> [Work to be completed]
Write out the whole listing below exactly, skipping each picture.

> [Information provided]
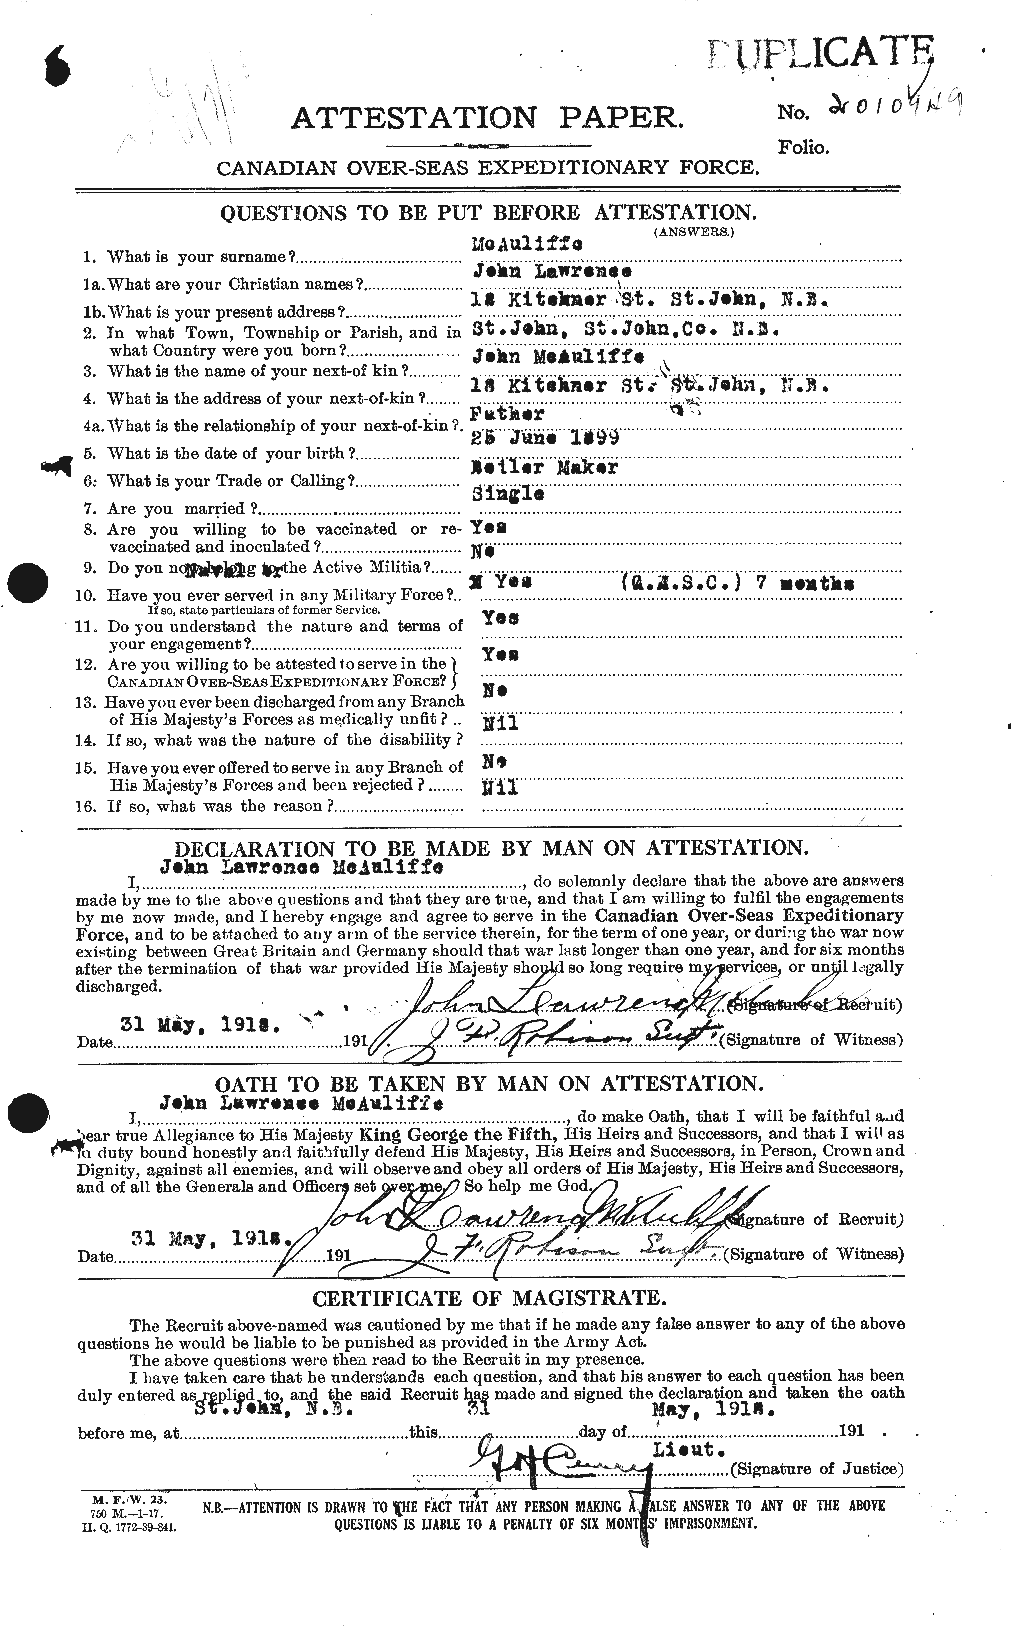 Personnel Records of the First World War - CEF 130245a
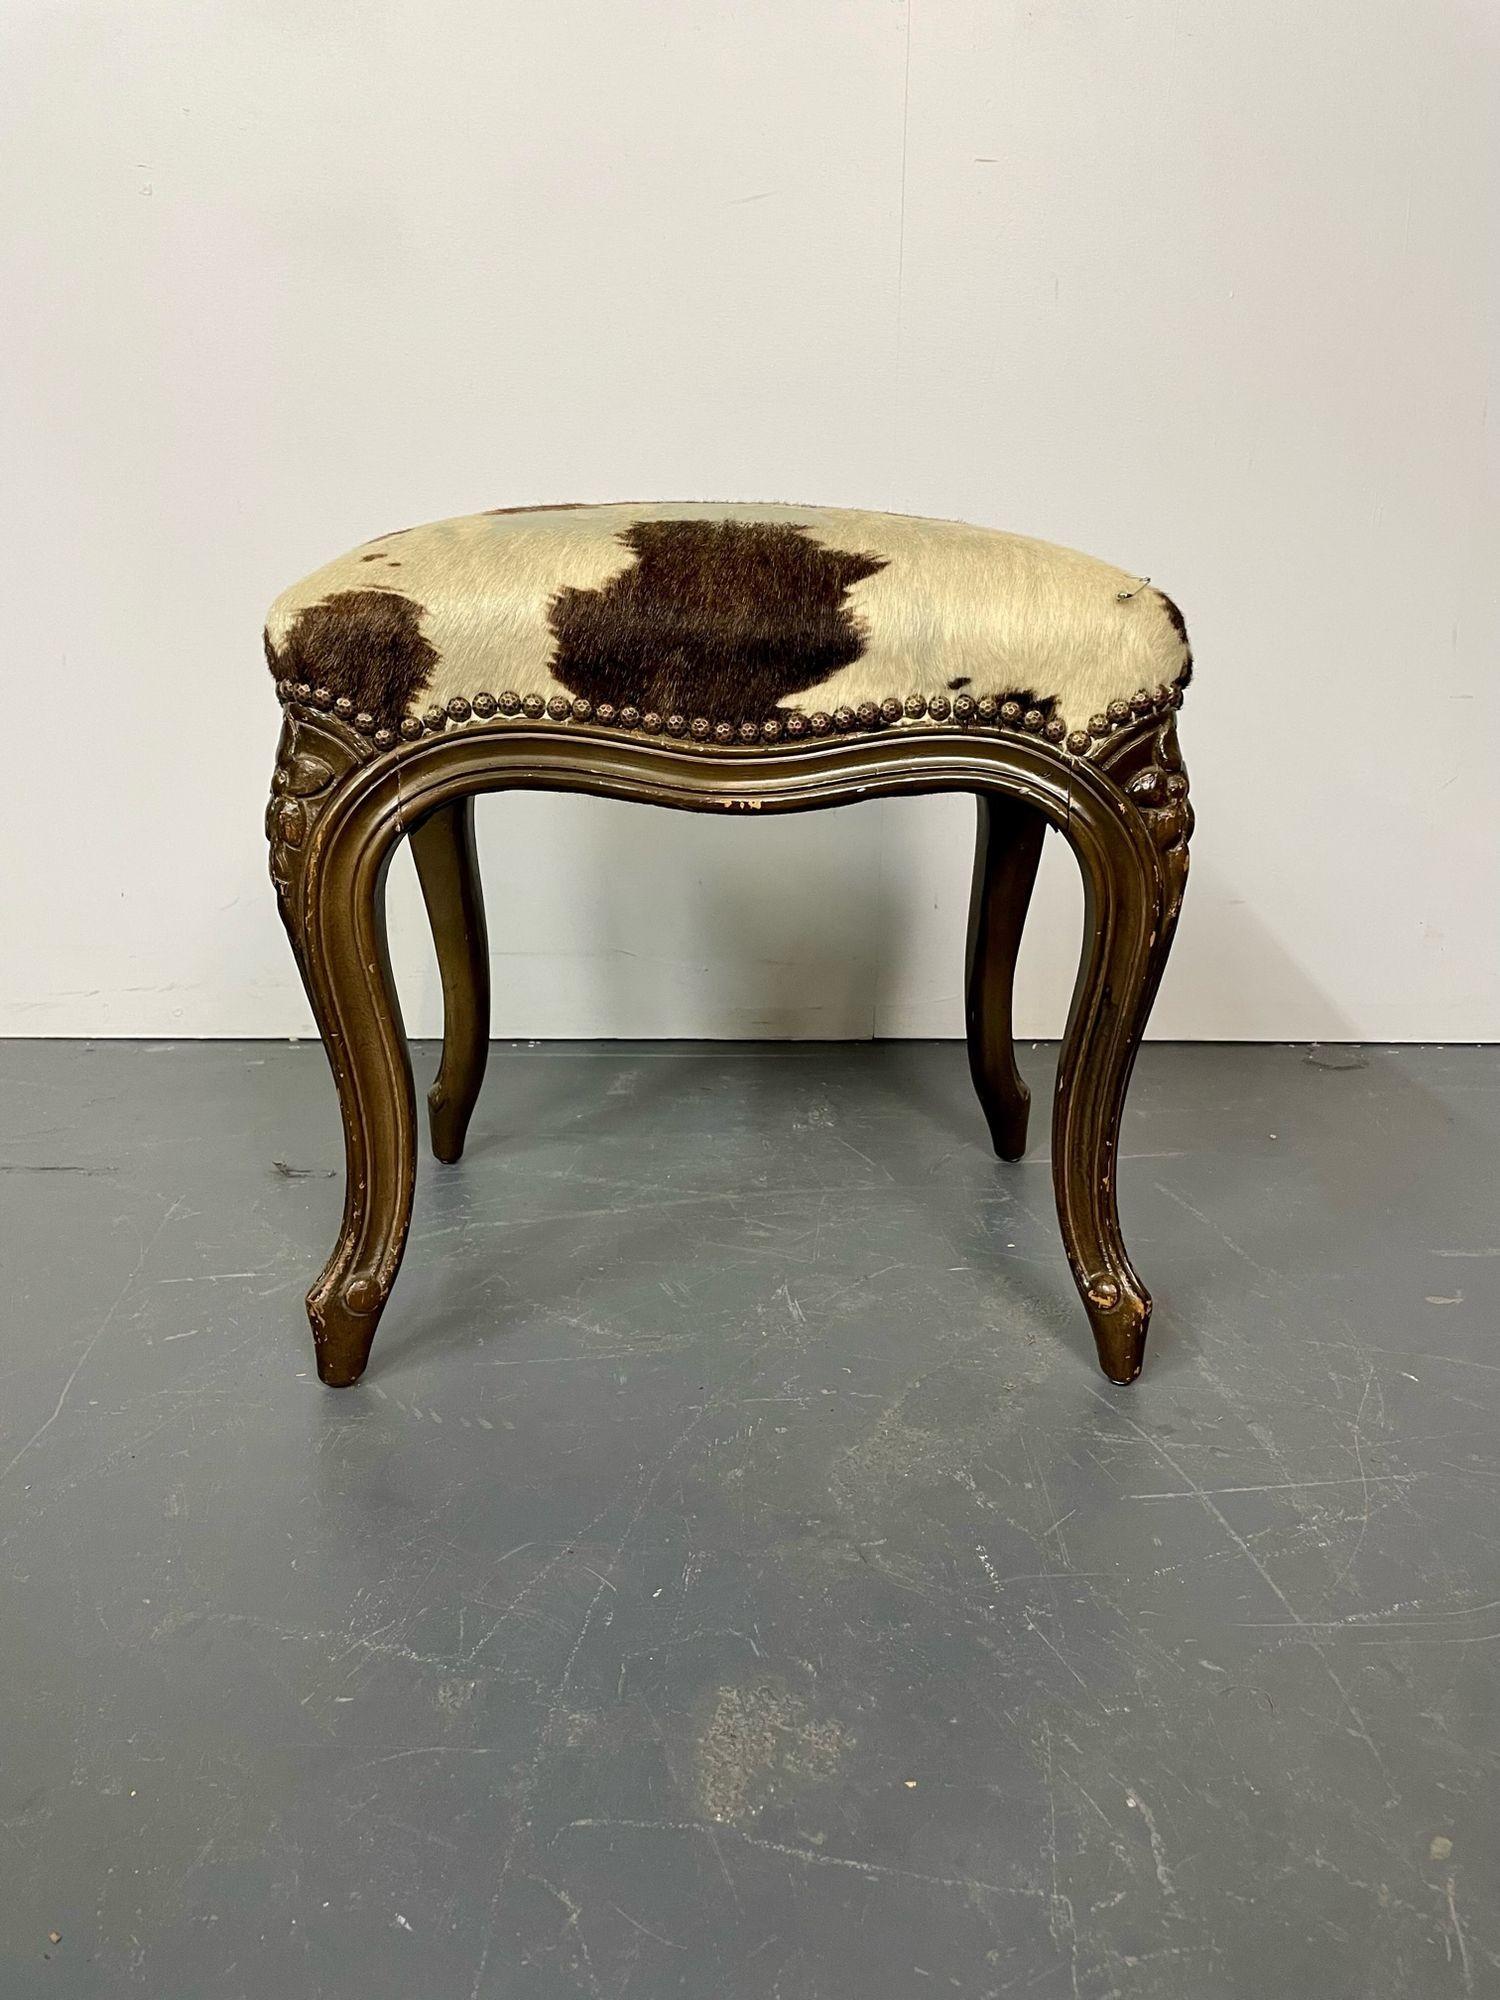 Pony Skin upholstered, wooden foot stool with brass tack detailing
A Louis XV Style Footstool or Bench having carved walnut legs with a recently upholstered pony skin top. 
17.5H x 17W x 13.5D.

> [Written answer]
 Personnel Records of the First World War - CEF 130245a
 Pony Skin upholstered, wooden foot stool with brass tack detailing
A Louis XV Style Footstool or Bench having carved walnut legs with a recently upholstered pony skin top. 
17.5H x 17W x 13.5D.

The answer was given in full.